A new study reveals that circadian clock proteins are actively involved in the development of hepatocellular carcinoma (HCC) and provide a mechanistic explanation for how liver cancer cells use these proteins to grow. The research, published in the journal Proceedings of the National Academy of Sciences, also found that inhibiting key clock proteins can prevent cancer cells from multiplying.
Senior author Steven Kay, PhD of the Keck School of Medicine of USC has spent his career understanding the molecular components of the circadian clock, which influences much more than our sleep cycles. “We, along with many other labs, have been studying all the different functions that the circadian clock regulates, especially in the liver, because we know that our circadian rhythm really regulates a lot of aspects of glucose and lipid metabolism,” said Kay. His team has previously done the same in glioblastoma and they became aware of a significant amount of correlative data that connected circadian dysfunction with liver cancer.
“It turned out that if you start mutating circadian cycle genes, you can actually induce hepatocellular carcinoma in mice livers,” Kay explained. While an interesting observation, Kay dug deeper to see if he could identify a specific target or types of patients who might respond to drugs against clock proteins. “We wanted to learn more about early-stage translation in HCC and figure out pathways and targets within those pathways that could present novel opportunities to develop experimental therapeutics.”
In the team’s experiments, they manipulated several circadian cycle proteins in cell lines derived from human liver cancer patients and found that two key clock proteins, known as CLOCK and BMAL1, are critical for the replication of liver cancer cells in cell culture. When CLOCK and BMAL1 are suppressed, cancer cells’ replication process was interrupted—ultimately causing cell death, or apoptosis. “This discovery started us thinking more specifically about clock proteins, and how we might want to target them,” said Kay. “We wanted to identify some of the additional players in the circuit boards.”
To do so, the team drew on their collection of genomic samples, built through years of research on circadian clock proteins in the body, to further understand the role of CLOCK and BMAL1. Among other findings, they showed that eliminating the clock proteins reduced levels of the enzyme Wee1 and increased levels of the enzyme inhibitor P21.
“Wee1 is a gas pedal for cancer cells to divide rapidly and P21 is a brake pedal gene,” Kay explained.
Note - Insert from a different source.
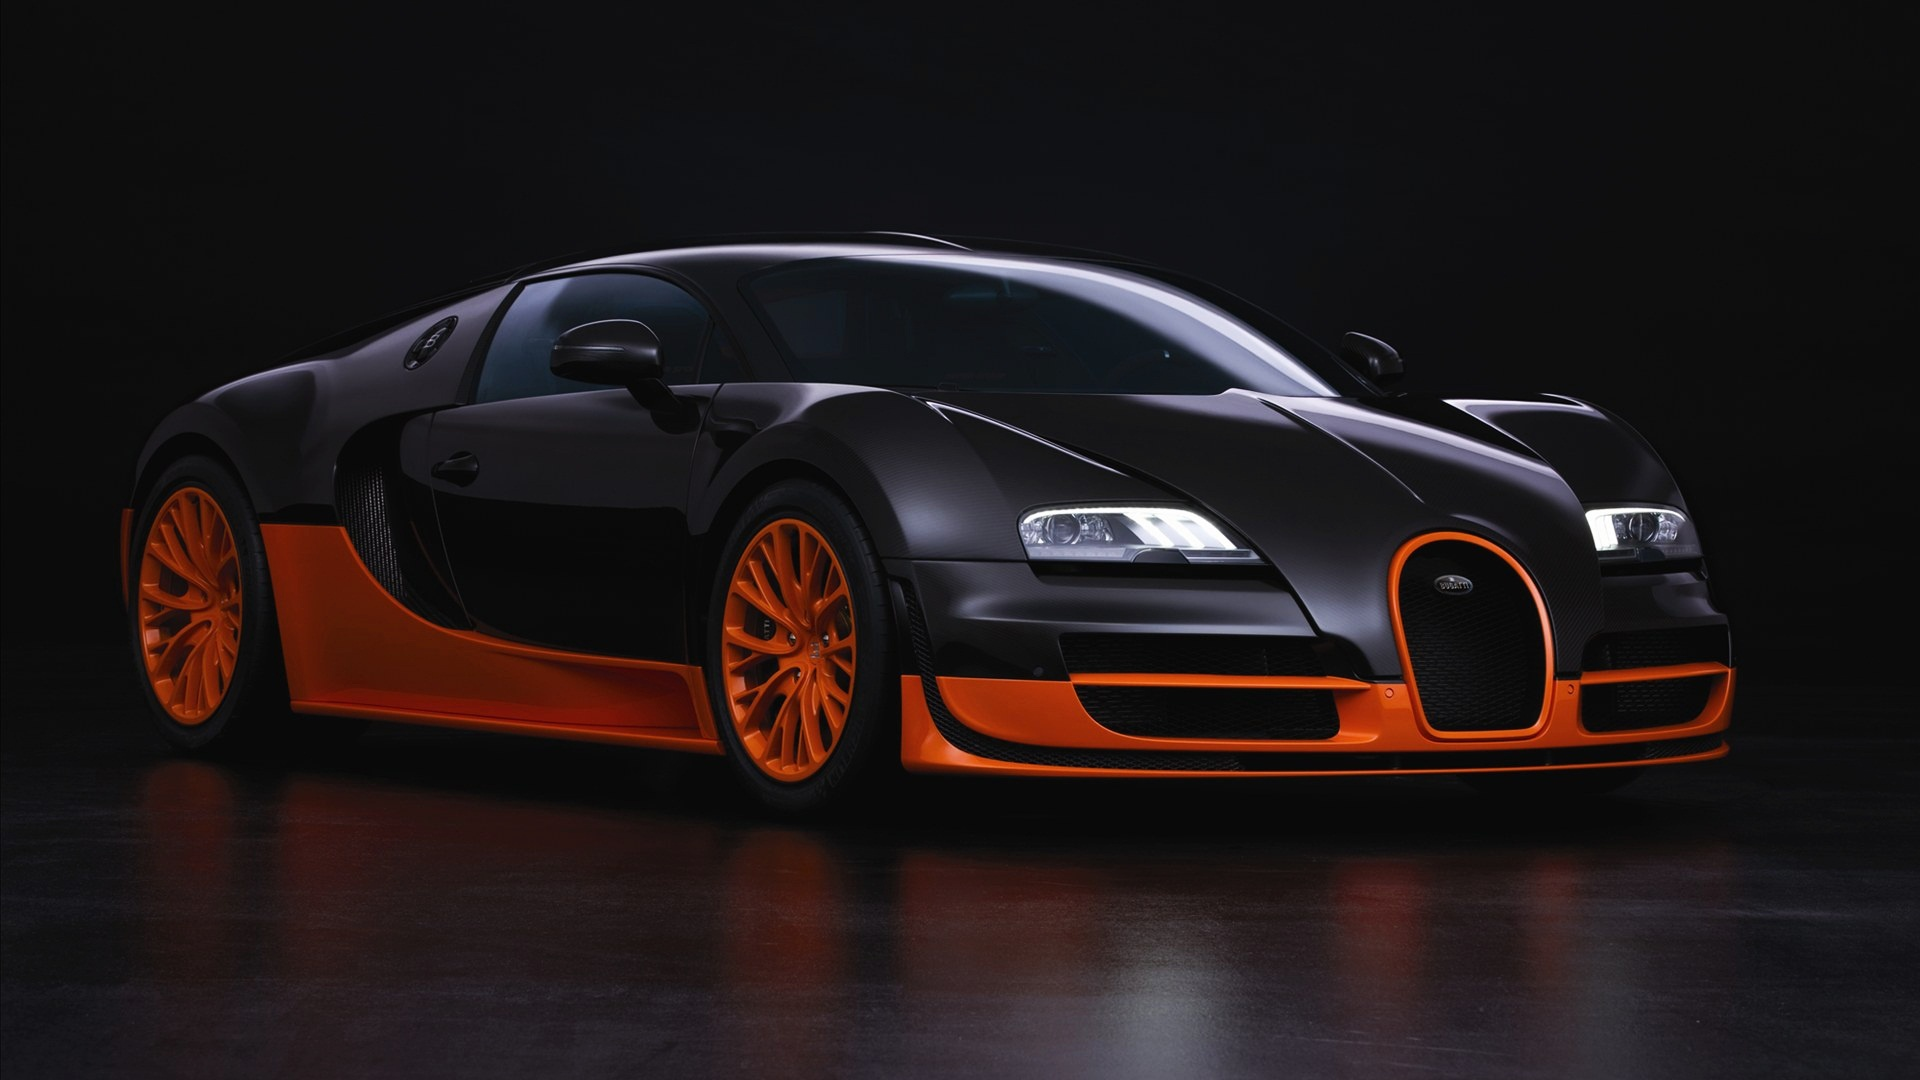 Description Bugatti Veyron Sports Wallpaper is a hi res Wallpaper for 1920x1080
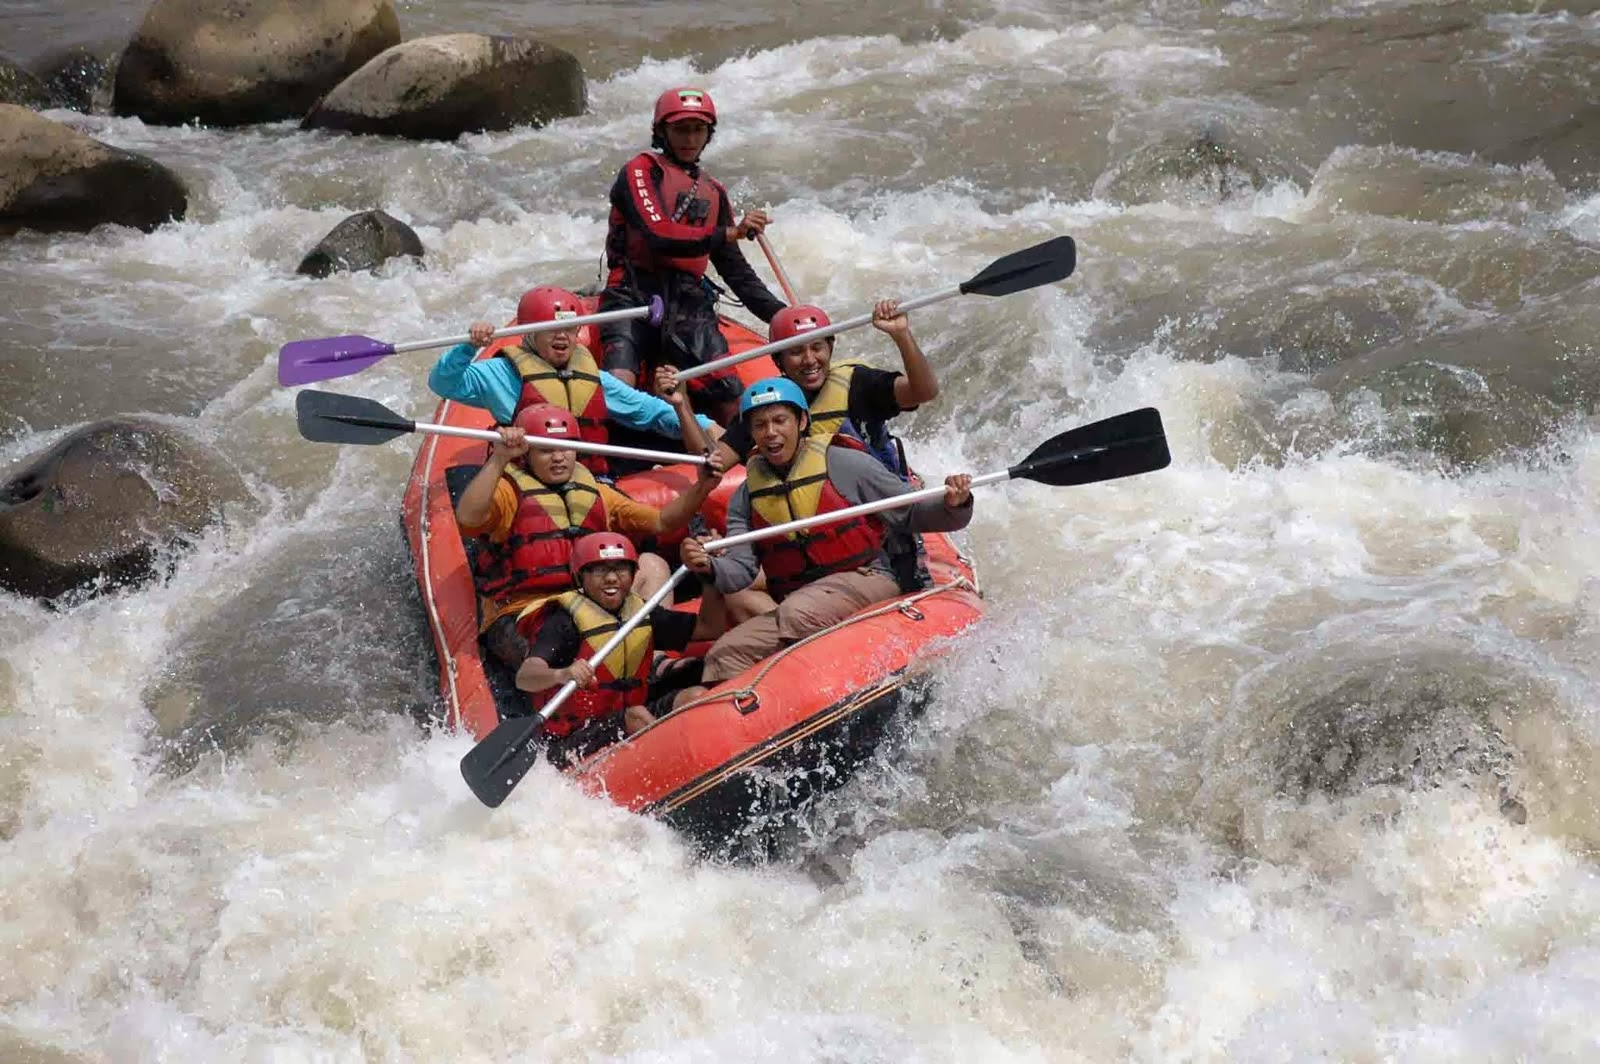 Serunya Rafting Sungai Serayu Banjarnegara

In HCC, the cancer cell has evolved to use CLOCK and BMAL1 to press hard on that gas pedal and suppress the brake pedal. But when the team genetically inhibited CLOCK and BMAL1, they team found that P21 was even more active. “So not only were we taking the foot off the gas and inhibiting Wee1, but we were also increasing P 21 activity to put a brake pedal on cancer cell division,” he added. “It’s a double whammy.”
Finally, the researchers tested their findings in vivo. Mice injected with unmodified human liver cancer cells grew large tumors, but those injected with cells modified to suppress CLOCK and BMAL1 showed little to no tumor growth.
“This paper presents a basic science landscape and presents us with the challenge that what we will need to do now quickly moving forward is to develop drugs that inhibit CLOCK and BMAL1,” Kay said, adding that his team plans to study some inhibitors already in the freezers from their work in glioblastoma.
The team also hopes to learn more about which HCC patients will benefit from a circadian treatment, along with other cancers like leukemia and colorectal cancer.
“We’re on the cusp of change where we’re going to tackle these diseases that have unmet medical need,” Kay concluded. “We need to learn how universal these abnormal CLOCK proteins are in all types of liver cancer and see if we can identify these cases that are more likely to benefit from circadian therapy.”